If they were not so normally amiable and easy-going, one suspects that the Russians would often be very impatient with our precise Western ways: our ‘proper thing in the proper place’; our paraphernalia generally. They are more casual — without excluding a barbaric love of luxury, in certain contingencies.
Amiable they almost always are. And if they are not, it will usually be found that the deficiency is in some way connected with what they feel to be the imperious and legitimate demands of their nature, clamoring for expression. It cannot be denied that so much self-introspection and self-pity become rather disillusioning at times. Especially with Russians who do not stand at the top of the ladder, there is an almost childish insistence on fate’s unkind discriminations. The course of friendship with Russians of either sex may have some difficulties, some unexpected misunderstandings, for analogous reasons. ‘Very attractive for a time, but one grows very tired of it all,’ was the way in which one American diplomat, several years in Petrograd, summed it up.

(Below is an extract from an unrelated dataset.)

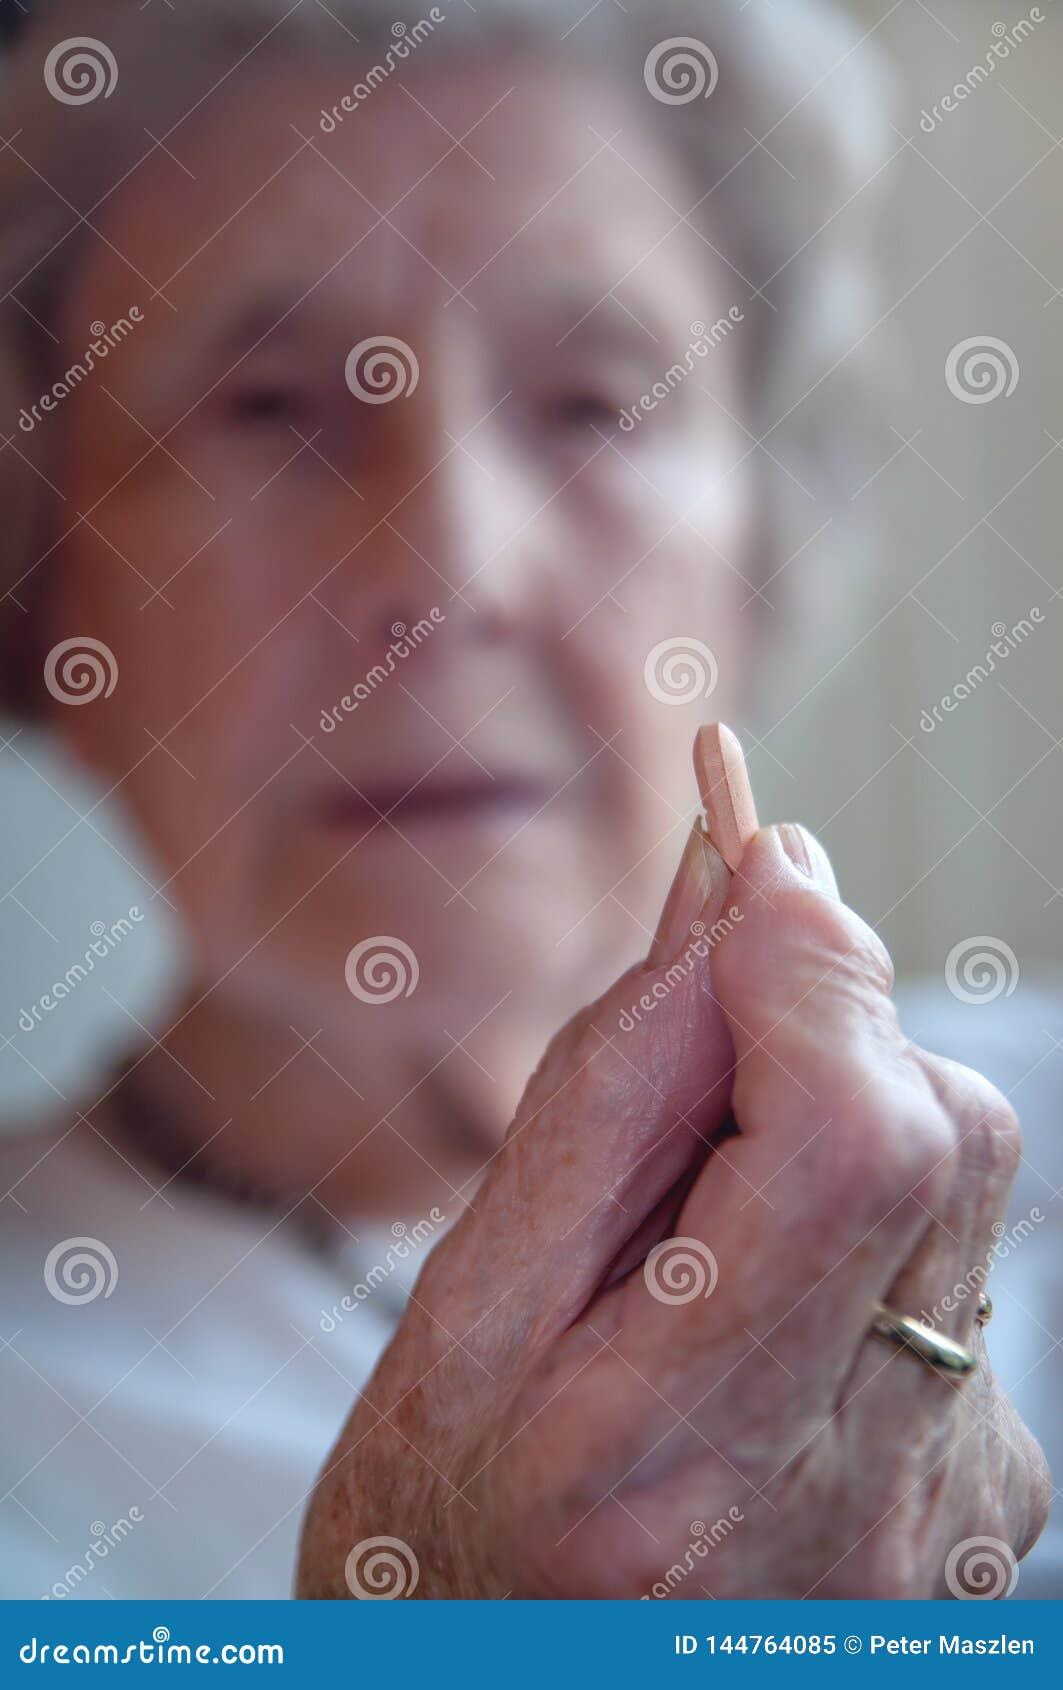 Sad senior woman taking pill
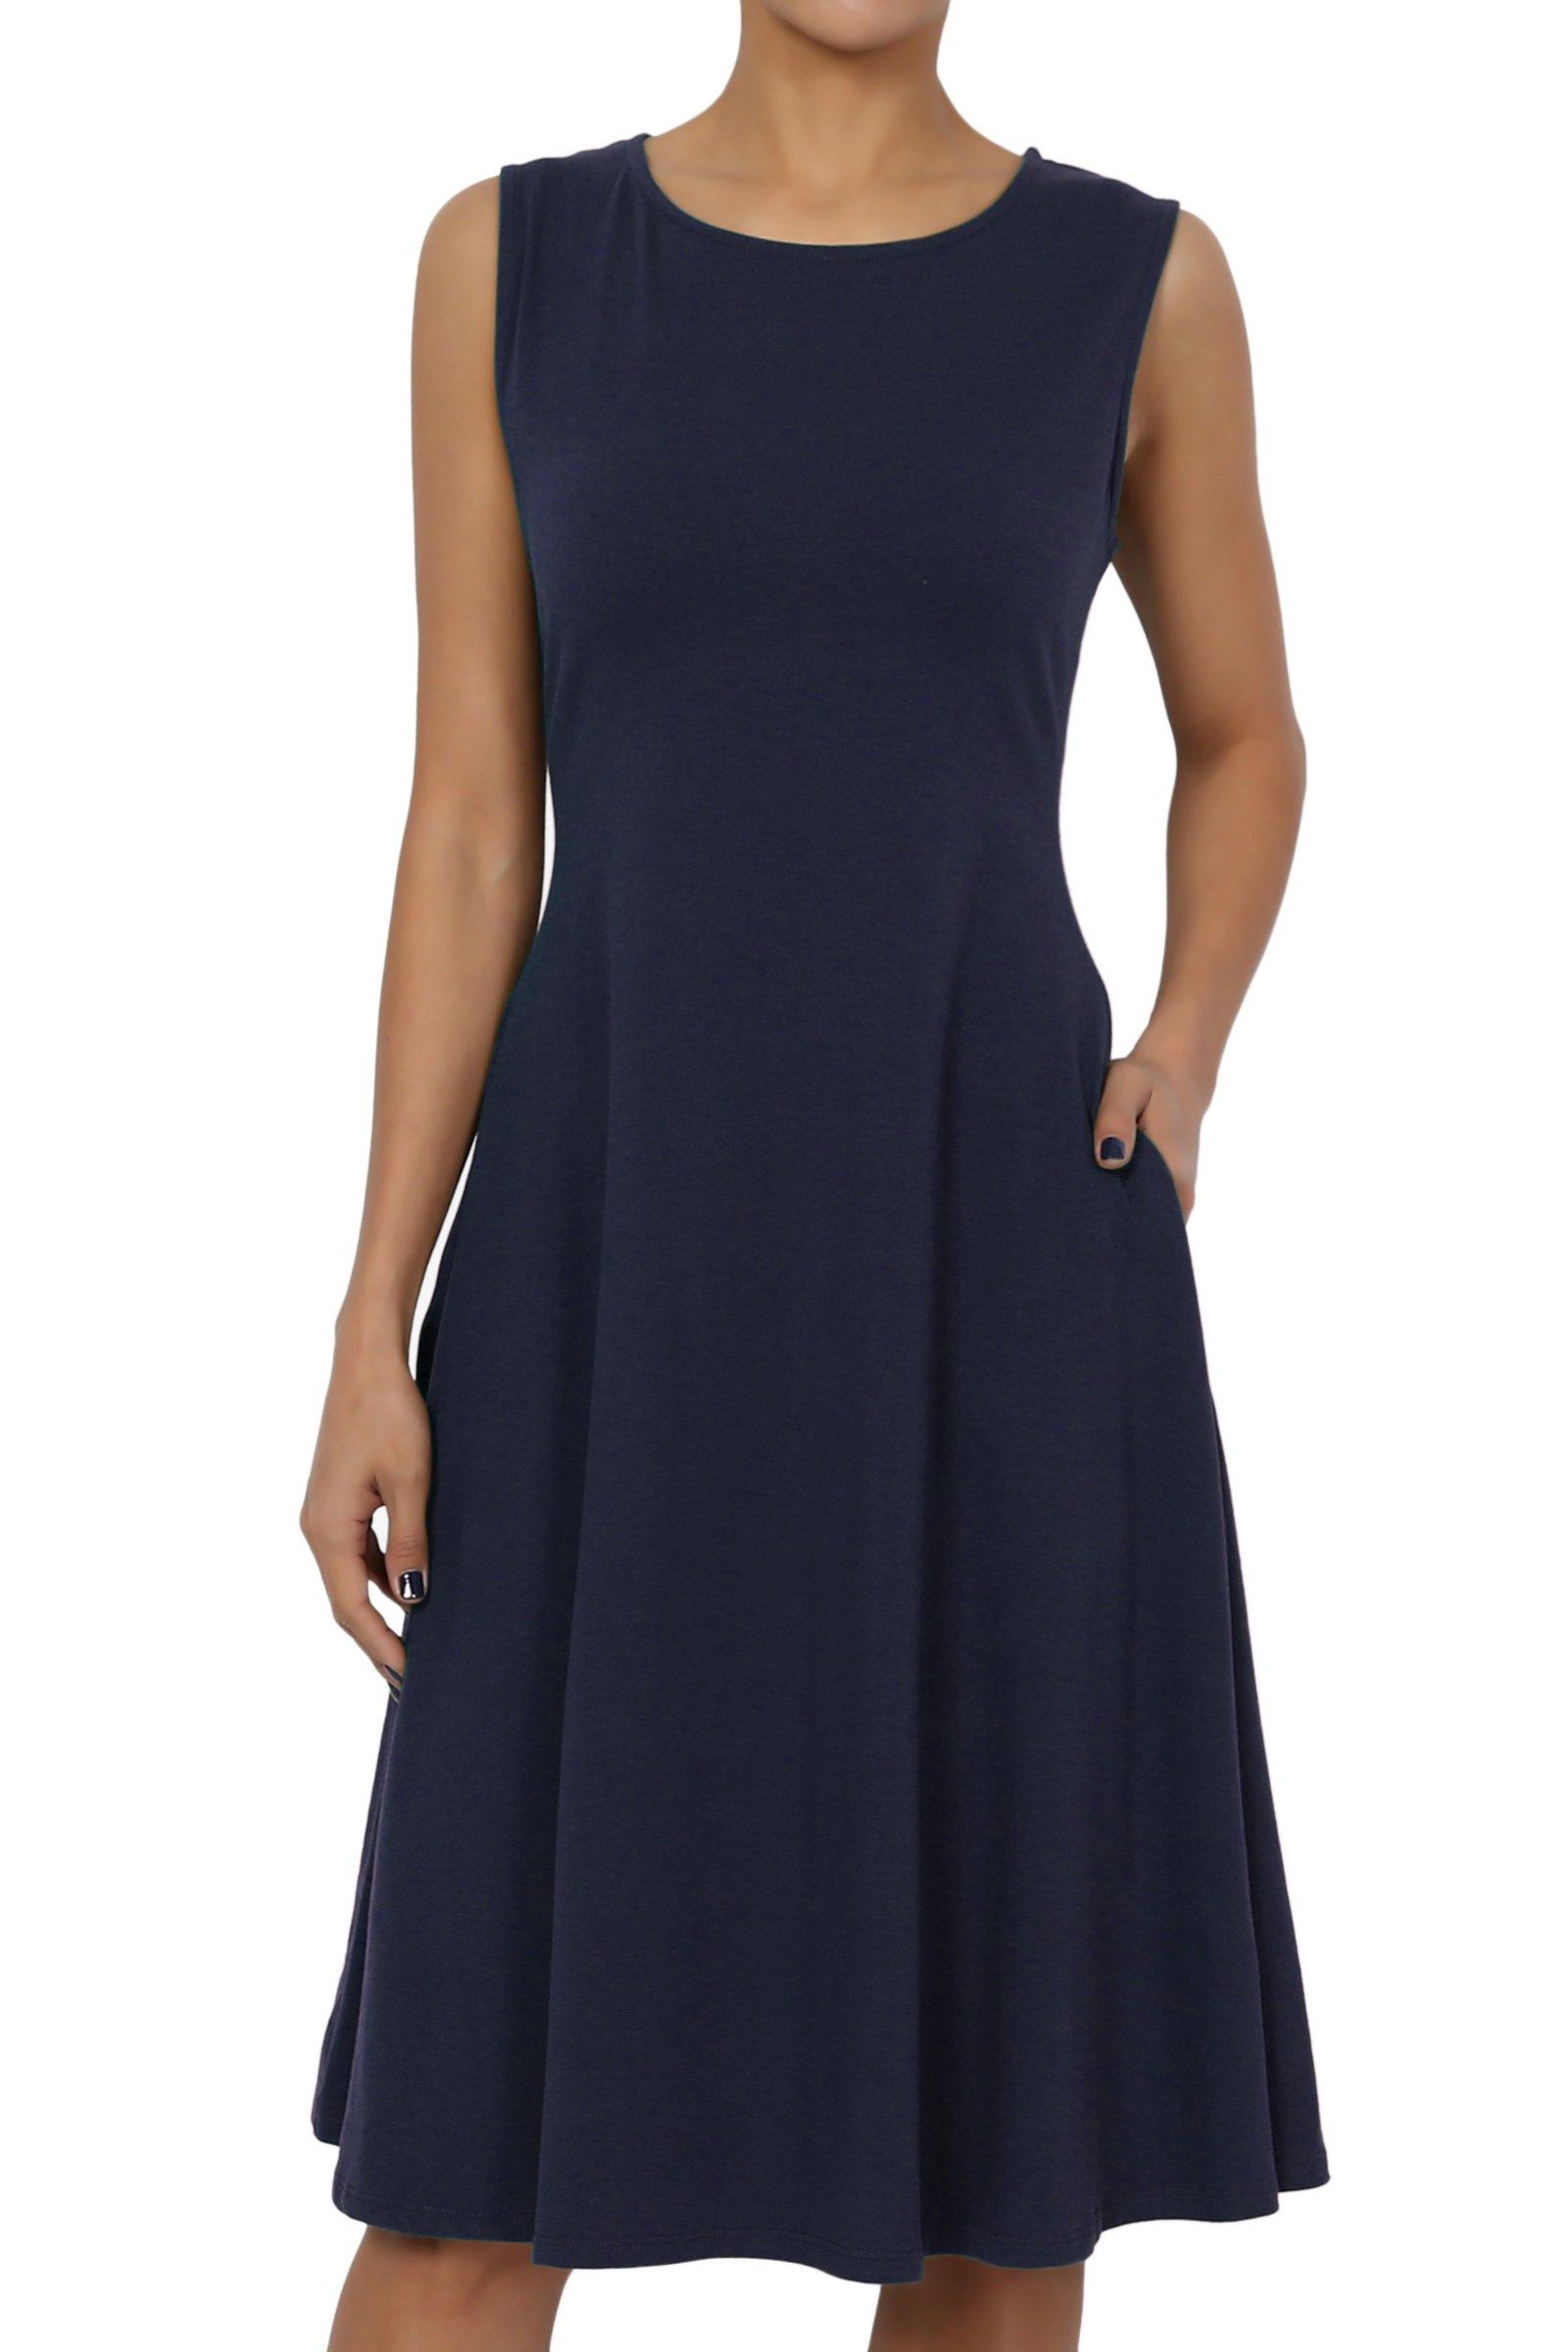 TheMogan Women's Sleeveless Pocket Stretch Cotton Fit & Flare Dress Navy XL

That is one view. And there is a background for it, in the eyes of people who are of more temperate stock, and who, in the Anglo-Saxon manner, consider the ‘cheerful acceptance of the commonplace,’ which has been called the Englishman’s distinctive contribution to human ethics, the better way.
And yet there is the other view. And it is epitomized for one in an unforgettable picture of a strange funeral procession, wending its way along the roads of Central Russia toward a small white church with green cupolas. As far as the eye could reach waved the fields of yellow wheat, to a far-away horizon, level as the sea. A very young girl, scarcely more than a child, clad in white, and with unbound hair, was being borne on an open white bier, by peasants. Followed parents and friends of the child, also in white, and more peasants. Not an habitual funeral procession. But the mother of the child, whose stony face stared straight ahead, had willed it so. From the big house, built in the days of Nicholas I, after the model of the Grand Trianon, they had come; from the place where the child had been born to her final restingplace, the mother to the last refusing one concession to usage, keeping her eyes on the child’s face up to the end. And in the countenances of those following peasants there was something that understood.